We’re going to speak in very broad terms here. Wired speakers are more traditional and a little clumsier – you are, after all, having to deal with a lot of cables – but they also tend to sound better. With a separate stereo amp, you can generally guarantee a boost in sound quality that you can’t get from wireless speakers. However, you will have to buy a separate amp too. In comparison, wireless speakers smoke traditional wired speakers in terms of convenience. As long as you have a Bluetooth or Wi-Fi connection, you’re good to go. Wireless speakers will also generally have a wide range of wired connections available, allowing you to connect a turntable, a separate DAC (if you have one) and more. Generally speaking, these are not hard and fast rules; we’ve heard plenty of wireless speakers that sound fantastic and plenty of wired speakers that don’t. But this decision is a good starting point when you’re deciding what type of speakers you want in your hi-fi system.
You’ll sometimes see speakers referred to as either active or passive. A passive pair of speakers requires an external amp, whereas an active pair have their own internal amps. Active speakers will almost certainly be wireless, whereas passive ones will not. It’s a complicated way of describing things, but it’s good to know when you’re buying. You can read more about this distinction here.
2. Bookshelf Speaker Sound Quality
Generally speaking, the standard of bookshelf speakers nowadays is exceptionally high. While it’s rare to get a pair that don’t sound passable, it’s crucial to know their limitations before you buy. With their small size, bookshelf speakers have a limited number of drivers, which are the circular speakers on the front that actually create the sound. Usually, they will have no more than two: a tweeter for the high frequencies, and an “all-range” driver to handle the mids and the bass. This is where one of the limitations of bookshelf speakers becomes apparent: they don’t have the size or power to really pump out thumping bass. When compared to large floorstanding speakers, this is one area where they struggle.

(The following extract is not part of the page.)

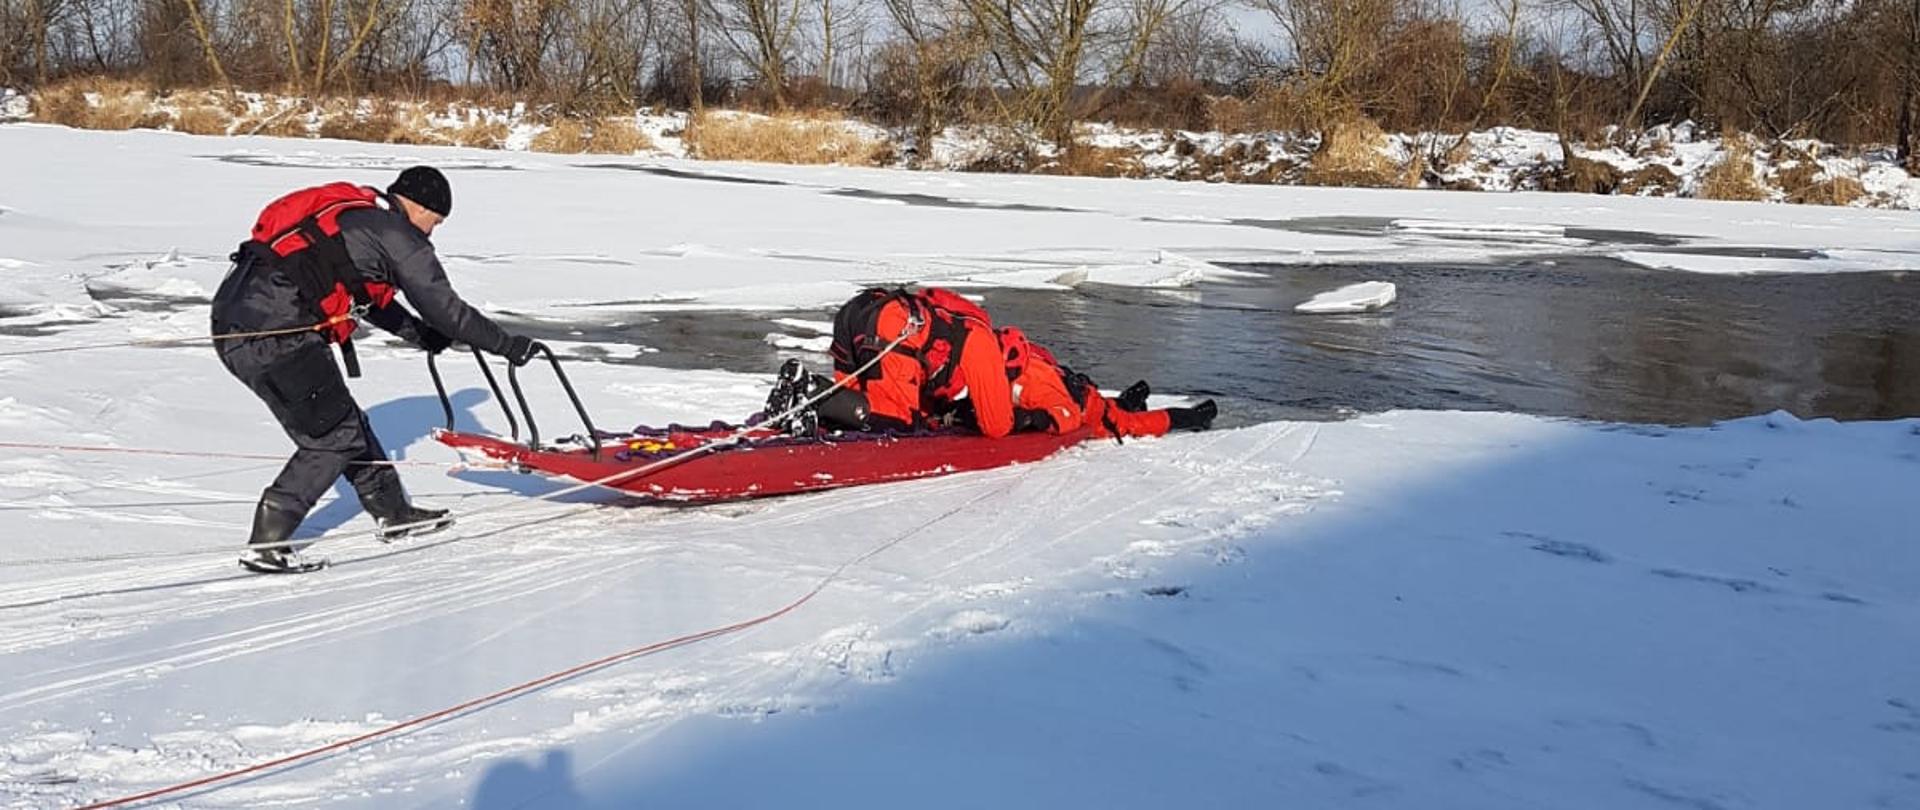 Dwóch ratowników na zamarzniętym akwenie przy pomocy sań lodowych podejmuje próbę wydobycia poszkodowanego na brzeg.

This isn’t universal, of course, but we’ve found that the bookshelf speakers that do have excellent bass usually cost significantly more than their brethren, and boast additional technology. The Polk Legend L200, for example, have a specially-designed rear bass port that produces insanely-good bass. However, the speakers also cost $1,799 a pair, which is way out of reach for most people. They are amazing though, and we recommend considering a pair if you can afford them.
If you listen to music that doesn’t put a huge emphasis on bass, like folk, shoegaze, jazz, or classical, then a pair of bookshelf speakers will probably be fine. If you still want a pair of bookshelf speakers, but you also really enjoy bass-heavy music, then you may want to add an additional subwoofer to your system to help handle the low-end. The good news is that most wired and wireless speakers will be able to connect to a subwoofer without any problems at all. If you don’t have the budget to stretch to this additional equipment, then you may want to look at a bigger pair of floorstanding speakers. We get into these in more detail below.
3. Speaker Size
Forget sound quality for a second. Bigger speakers don’t equal better sound. What they do equal, more often than most, is more volume. A larger size means more room for amplification circuitry, if the speaker is active, and it also means larger drivers. If you value volume, then you may want to look at a larger bookshelf speaker.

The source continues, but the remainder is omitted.